Lisnagade (from Irish Lios na gCéad 'ringfort of the hundred') is a large multivallate earthen ringfort, three miles west of Banbridge, County Down, Northern Ireland, United Kingdom, just off the Scarva road. Lisnagade Fort rath and annex are State Care Historic Monuments in the townland of Lisnagade, in Banbridge District.

==Features==
Lisnagade is an impressive circular earthwork, consisting of three massive ditch-separated banks, approximately 6m high, which completely surround the fort. The diameter of the inner circle is a good 60m and the total diameter of the rath is about 110m. There is a smaller rath annexed to the north by two straight ditches. This rath is very low and is about 30m diameter. It is surrounded by a single ditch.

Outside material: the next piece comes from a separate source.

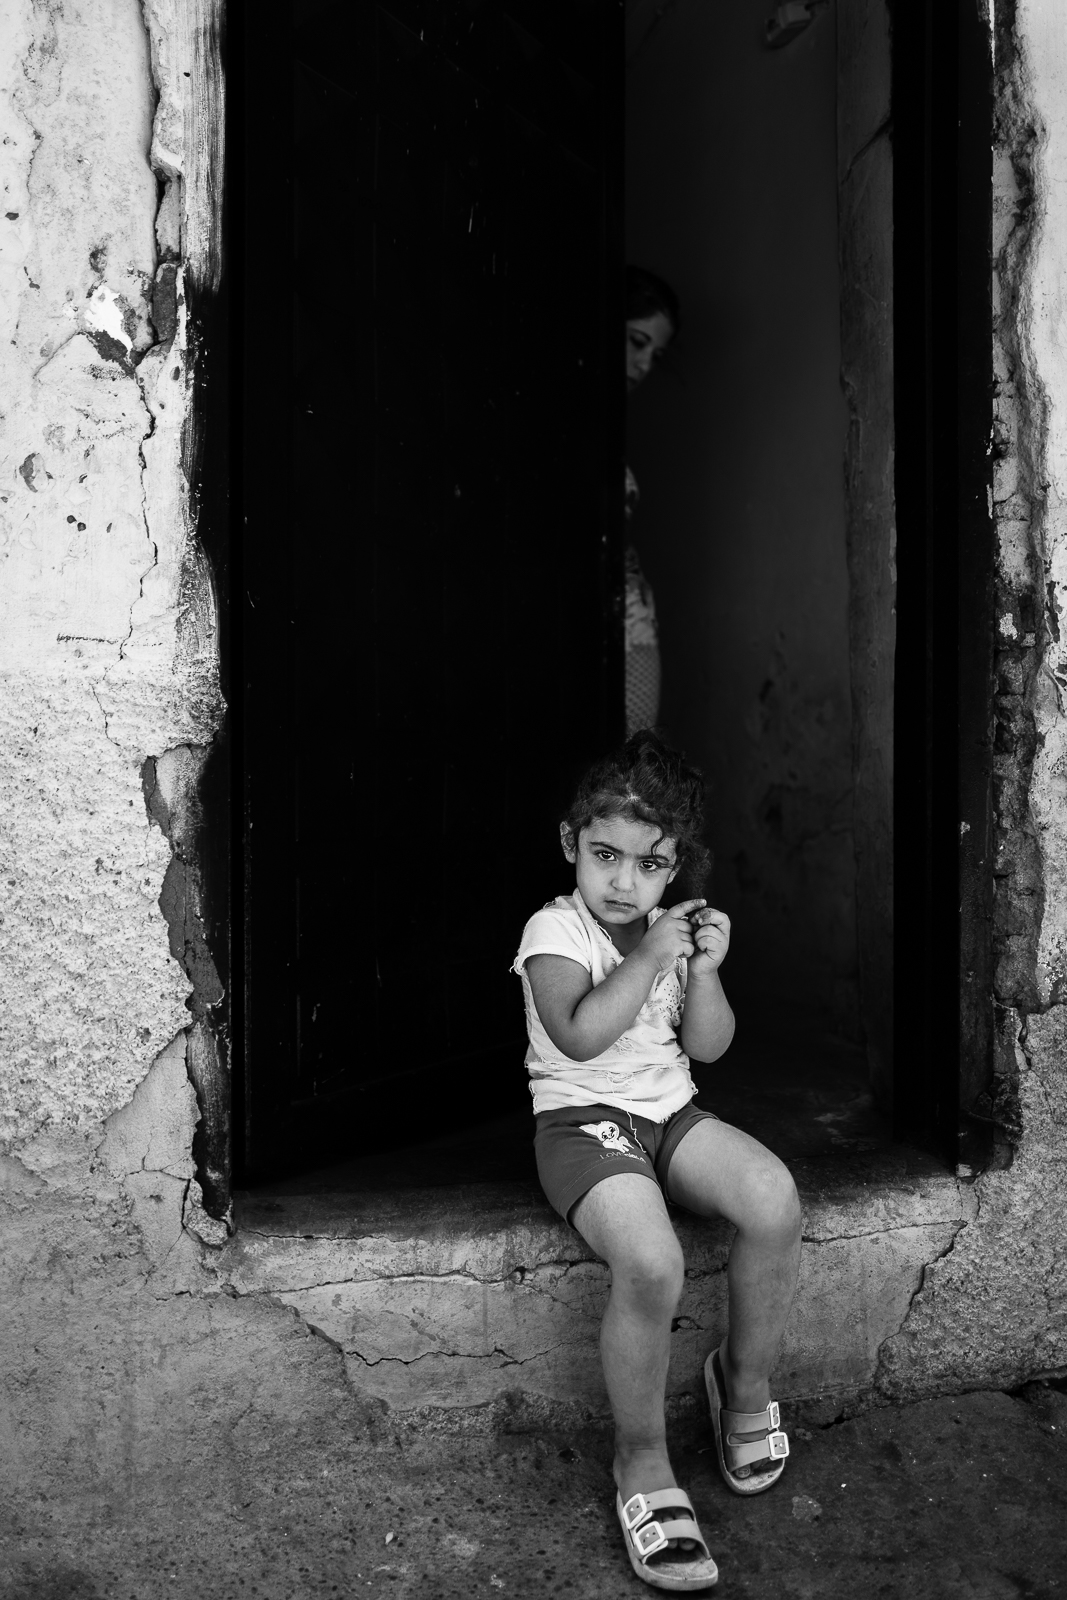 Kurdish girl on her home's door in Diyarbakir (Turkey)

Though bronze artefacts have been recovered from the site, little is known about its occupants. This ancient site dates back more than 1000 years, and is thought to have been constructed around 350 AD. The interior has now only low undergrowth and a beech tree just off centre. The banks are planted with a variety of well established trees as well as small bushes.

==History==
According to the description of Scarva from Lewis's Topographical Dictionary of Ireland, 1837,

" Lisnagade, or "the fort of a hundred," is one of the most extensive and best-preserved of its kind: it consists of treble ramparts and intrenchments; the entrance is from the east, leading into an extensive circular enclosure, whence are obtained prospects of the entire country for many miles around, and a great number of forts or raths are seen, from which circumstance it is supposed this fort took its name, being the chief or centre of a hundred others: the fosses on every side are very deep, and it is remarkable that they are all paved at the bottom with rounded pebbles set in clay. In cleaning the fosses, in 1832, Mr. Trevor found a great many silver coins, a brass cauldron, spear-heads, and other relics of antiquity. Great numbers of arrow and spear-heads of flint, stone and brass celts, and other military weapons, have been found in almost every part of the "Cast." In 1807 the head and antlers of an enormous elk were found, which are carefully preserved at Scarvagh House: several others were found in the bog marl near Union Lodge; and in draining Loughadian, part of a tiara of gold, brazen swords, skeans, and spear-heads, were discovered, all of which are in the possession of W. Fivey, Esq., of Union Lodge. The greater portion of the ancient castle or tower yet exists at Pointz Pass; some fragments of that at Scarvagh are still seen above the village, and in the centre of Lisnagade fort are the remains of another of the same kind; the floor was discovered entire in 1832, constructed of baked tiles."

also,

"In 1783 a battle was fought at Lisnagade fort, between the "Hearts of Steel," and the "Break-of-day Boys," when several of the former were killed."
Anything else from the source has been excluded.